— Task instructions —
Each word in the data below should be copied exactly; the images should not.

— Dataset section —
▼

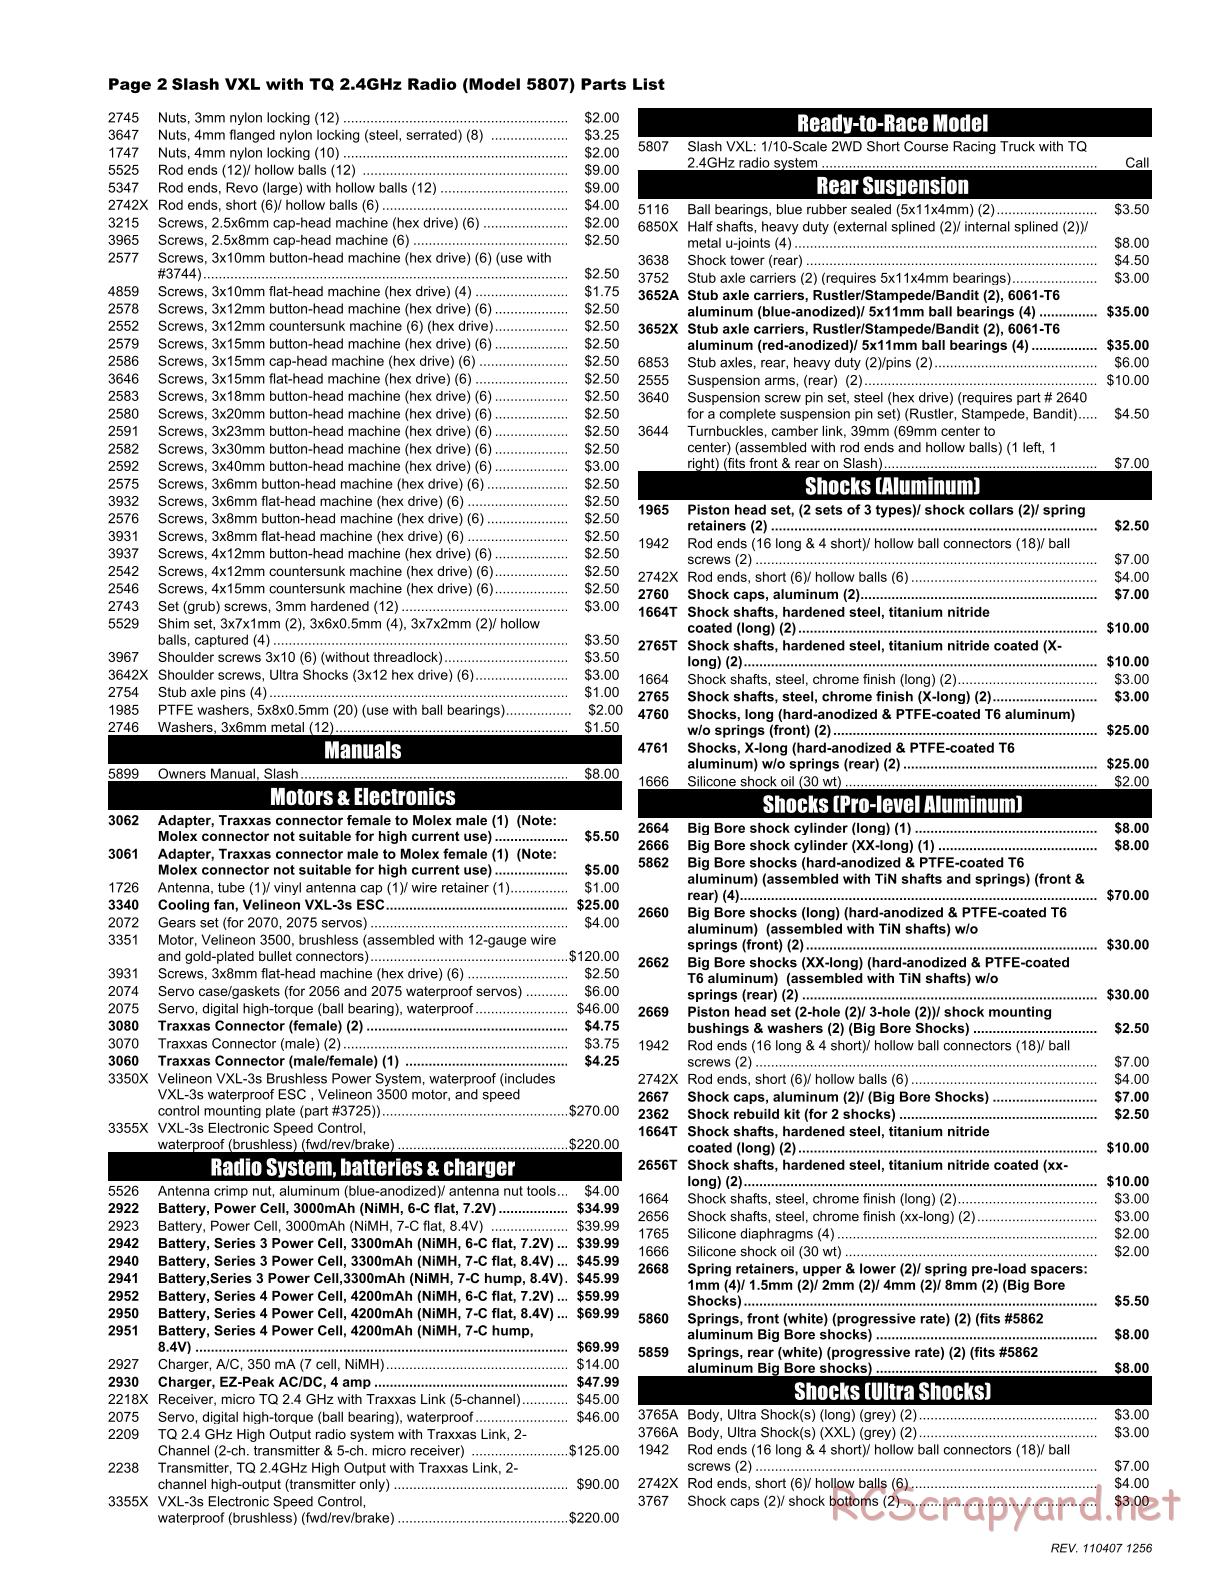 Traxxas - Slash 2WD VXL - Parts List - Page 2
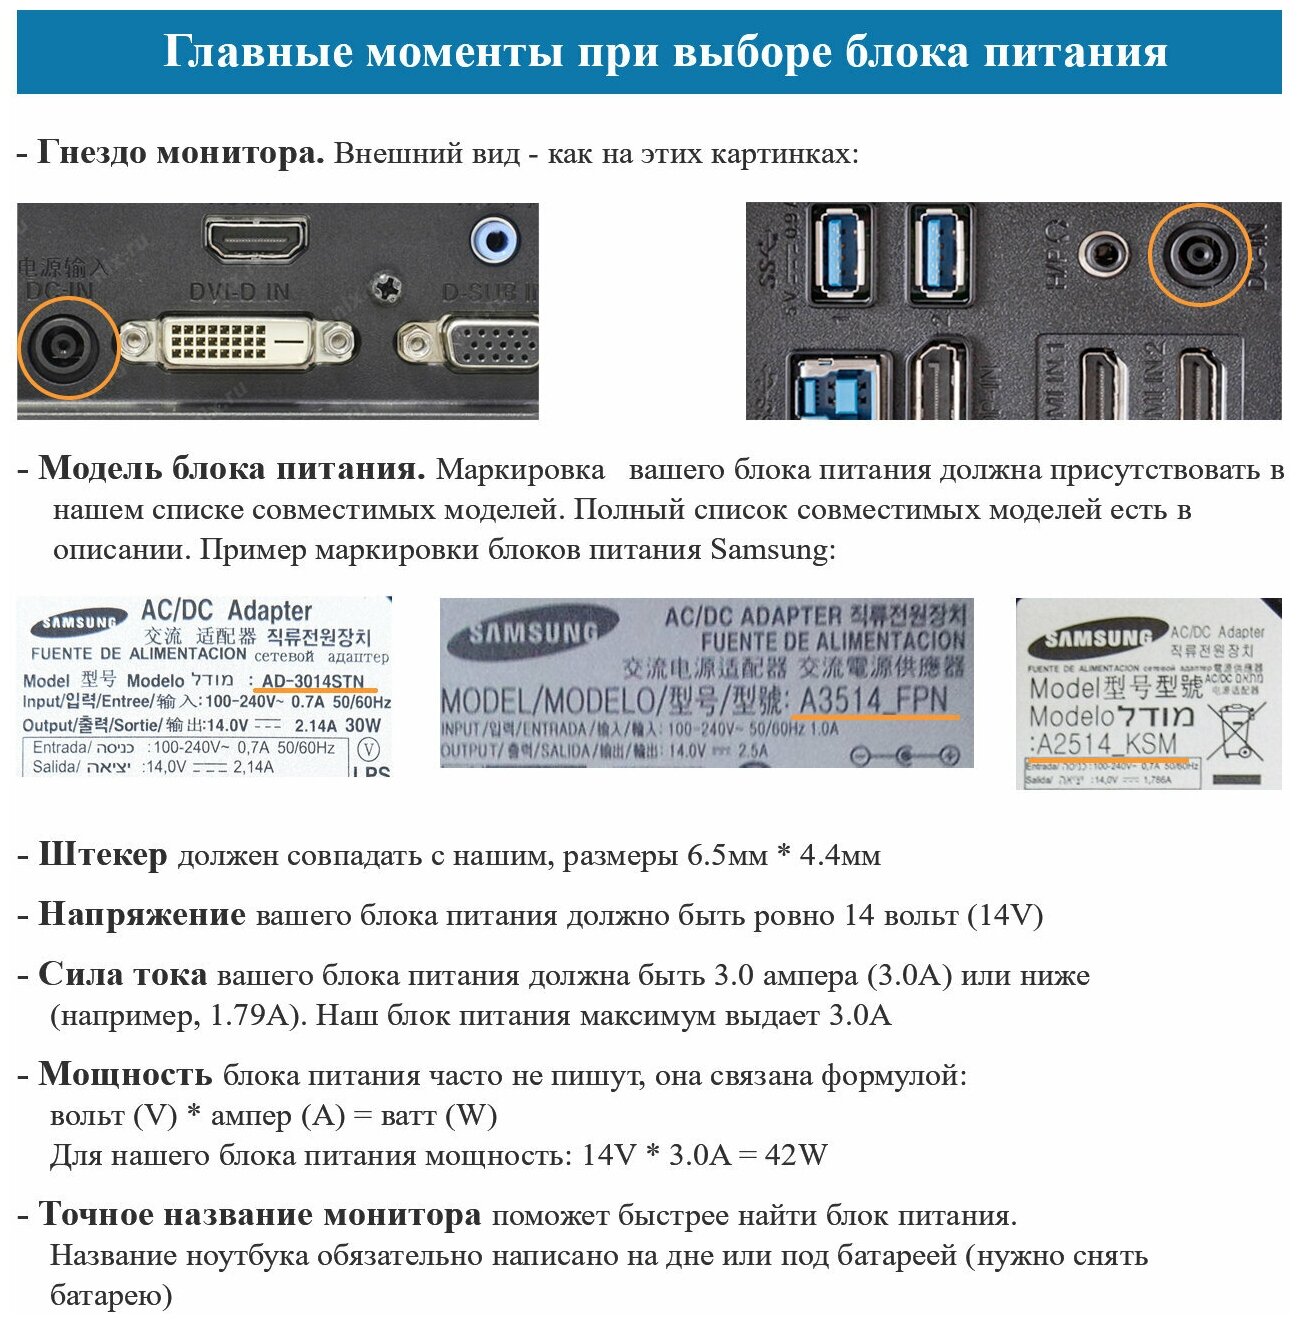 Блок питания для монитора/телевизора Samsung 14V, 3A, 42W (штекер 6.5х4.4), AD-3014B, AP04214-UV, A2514_KSM
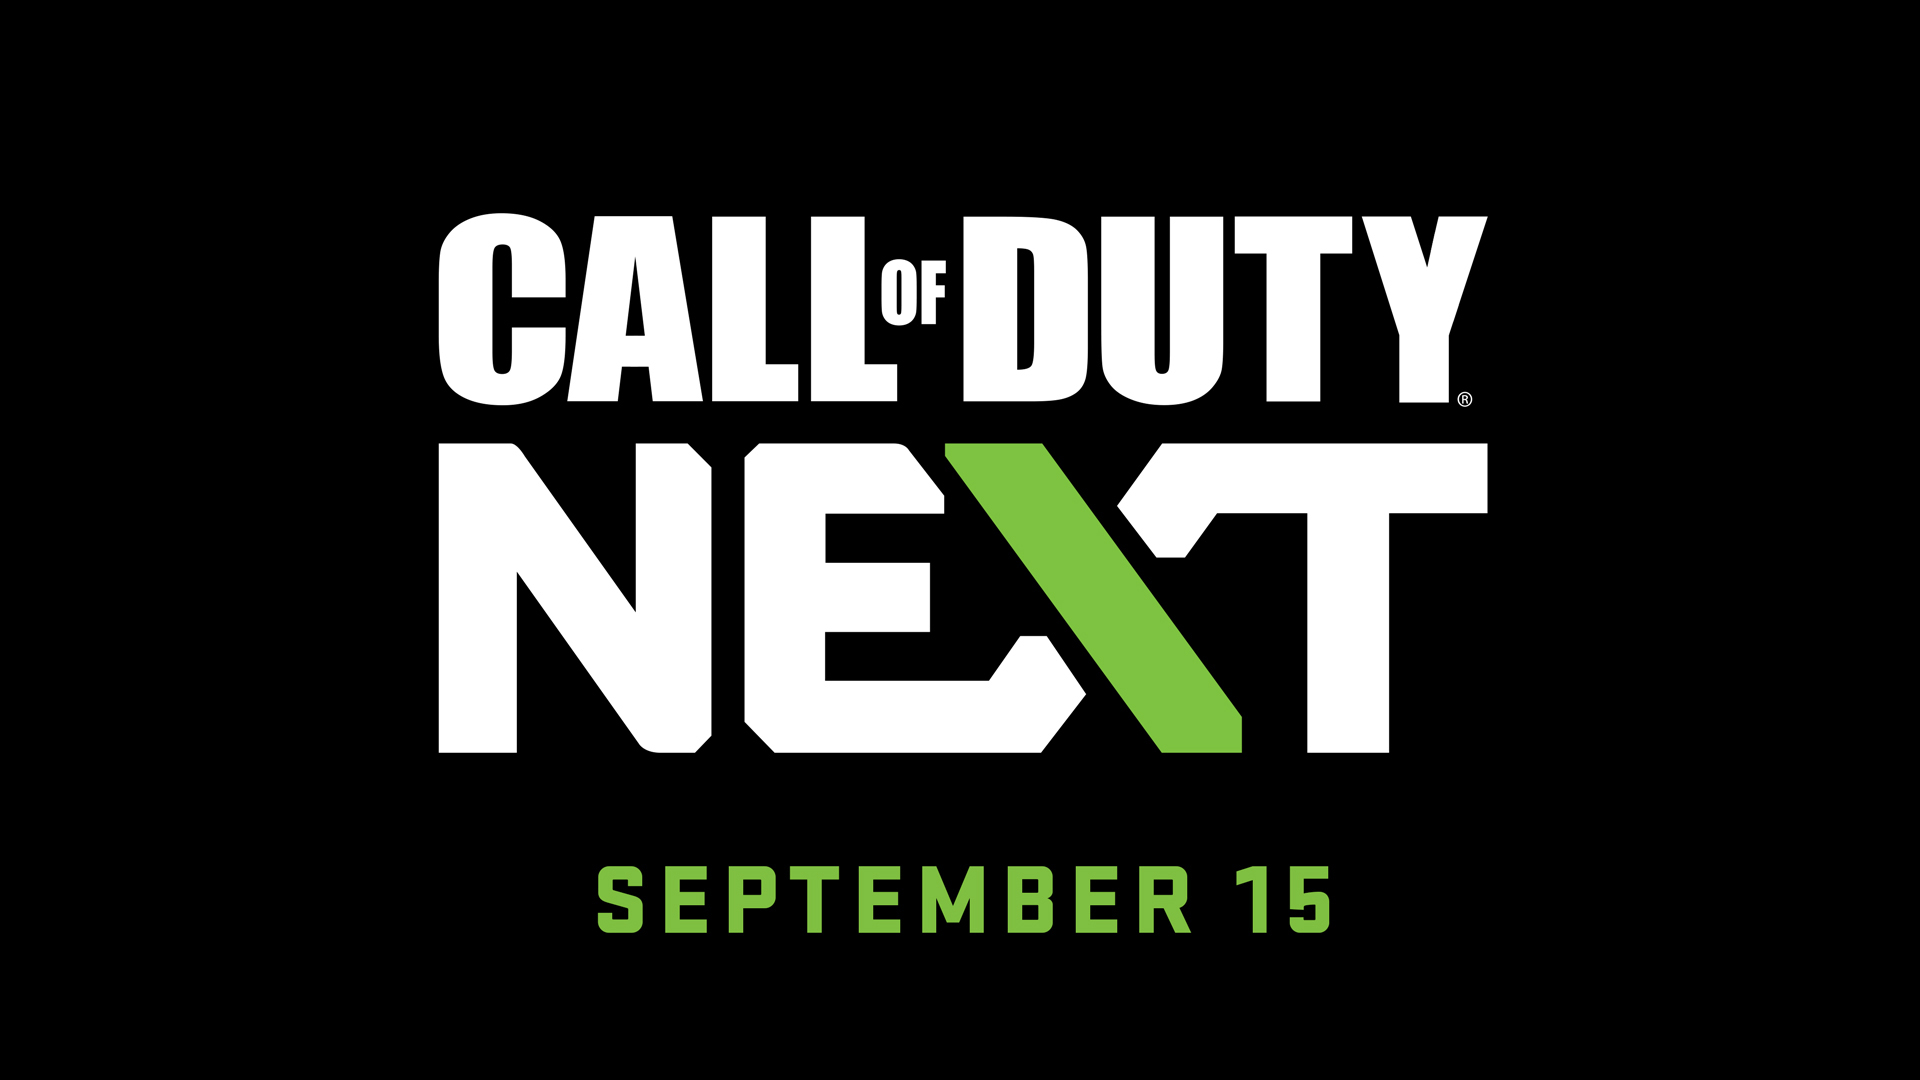 Conheça o Call of Duty Next, evento da Activision focado nas novidades dos próximos títulos

▲

— Response —
 Traxxas - Slash 2WD VXL - Parts List - Page 2
 Блок питания для монитора/телевизора Samsung 14V, 3A, 42W (штекер 6.5х4.4), AD-3014B, AP04214-UV, A2514_KSM
 Conheça o Call of Duty Next, evento da Activision focado nas novidades dos próximos títulos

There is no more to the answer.